At first, looking into Gaya’s death seemed only an extension of these regular irregular activities. Increasingly it was becoming clear my behavior was outside the scope of my organization, and potentially dangerous. The day after Nil cut off contact, an unhoused friend who heard I’m looking into Gaya’s murder texts me an admonition. “…[Be] careful bcz she burned A LOT of bridges and severely pissed off a lot of people…the list of suspects has to be 10 miles long…Maybe longer.”

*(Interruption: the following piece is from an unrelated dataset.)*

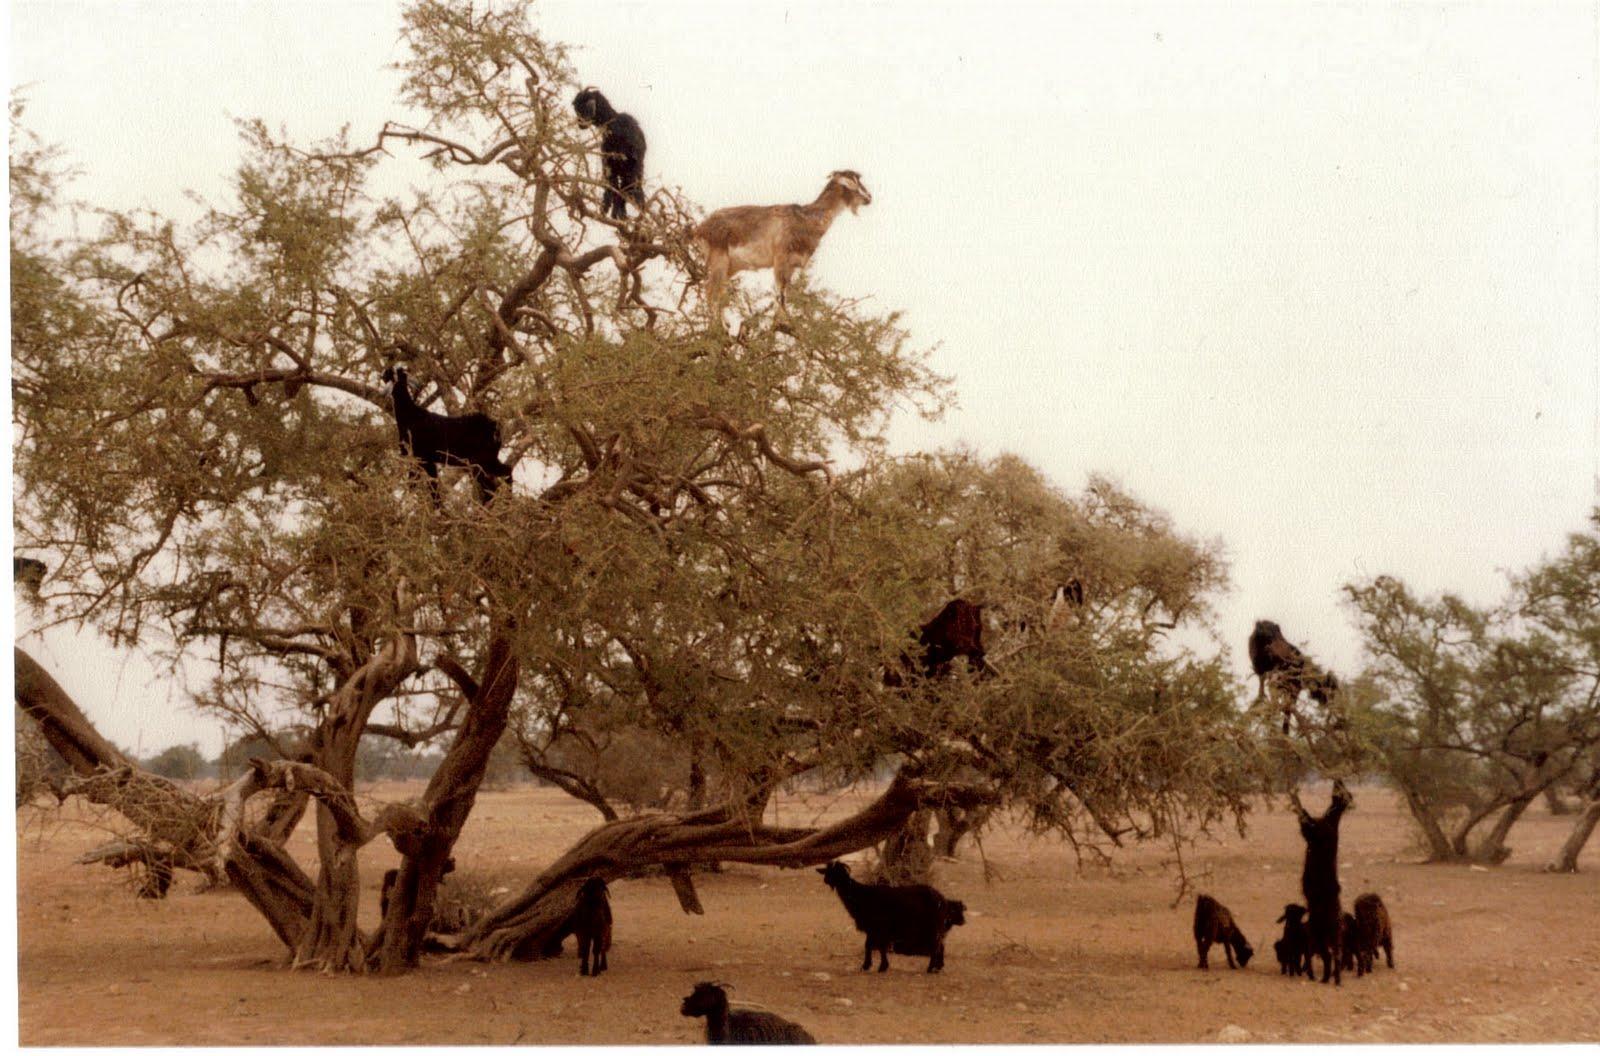 http://1.bp.blogspot.com/_4kkT22kuvoA/TBOQ14vw3kI/AAAAAAAACh8/dCpKeKF8RDE/s1600/goats-trees-1.jpg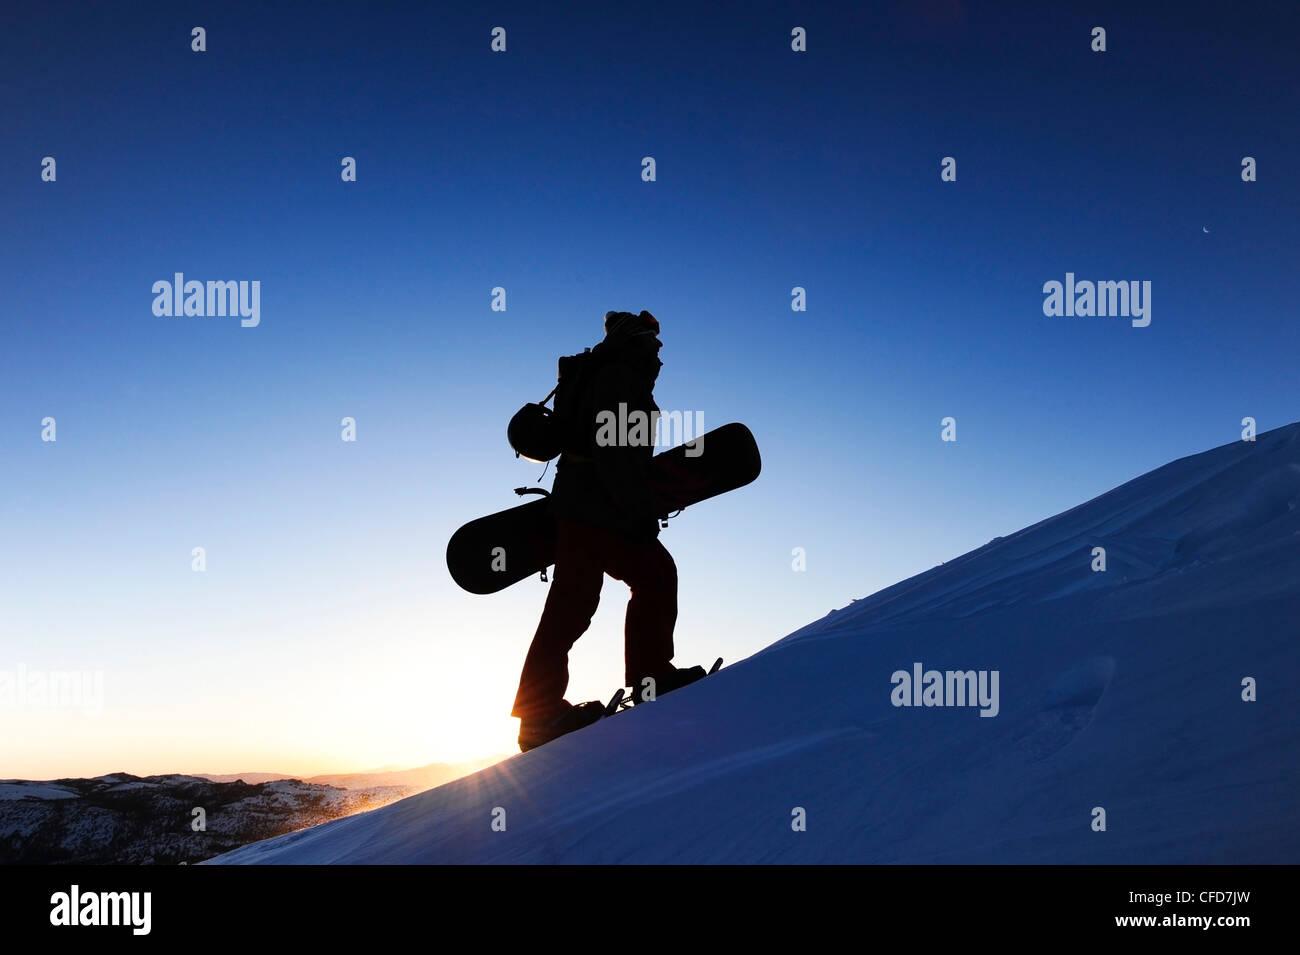 La silhouette d'un planchiste de la raquette au lever du soleil dans la Sierra Nevada, près du lac Tahoe, Photo Stock

Willy would have to be included on that list. A rail thin, silver-haired Armenian man, he was Gaya’s partner before she took up with Carl. Willy lives about half a mile downriver from where Gaya was killed, beneath the white spire of the Atwater Village Horse Bridge, in a tent surrounded by a small junkyard of scavenged bike parts. I find him searching through a pile of busted tire tubes and ask him about Gaya.

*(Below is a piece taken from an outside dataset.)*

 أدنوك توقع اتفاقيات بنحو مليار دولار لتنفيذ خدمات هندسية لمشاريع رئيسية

“I don’t want to talk about that fucking bitch,” he tells me, then proceeds to do so. He says that she’d been on the streets long before he met her, and he doesn’t know anything about how she got there. He says she’s been “making her way up the river from Frogtown,” and that her M.O. was to find a man she could use as a protector, move in, steal from them, then find another man to protect her against the first before repeating the cycle. He says this is what happened to him. He says he let her move into his tent a few months back, but that she quickly proved to be trouble. He says she was a thief and describes her habit of stealing his possessions in front of him, then daring him to respond. When he finally decided to throw her out, Willy says Gaya refused to leave and even tried to provoke him into hitting her so she could call the cops.
Willy’s loathing of Gaya is venomous, unpleasant to be around. “Usually when someone dies you feel something here,” he says, tapping his hollow chest, “but for that bitch? Nothing.” Several times during our conversation he says that he wanted to kill her or would have killed her.
But he says that about several other people too – about Nil and Carl, about John and Lunatic who live underneath Colorado, about most of his neighbors. Willy’s is a world of constant conflict, some hypothesized, some real, and it is difficult to distinguish between the two. He says that Nil is a psychopath, that he assaulted some people in a neighboring encampment and once threatened him with a knife. In truth, Willy’s dislike for his neighbors is nearly universal. At one point he recommends that someone come by with a bulldozer and push out all the people living on the river, adding that this hypothetical driver should be “given a medal.”
Willy concludes our conversation with a suggestion that I abandon any further investigation into Gaya's death. “Forget about her,” he says, “she isn’t worth your trouble.”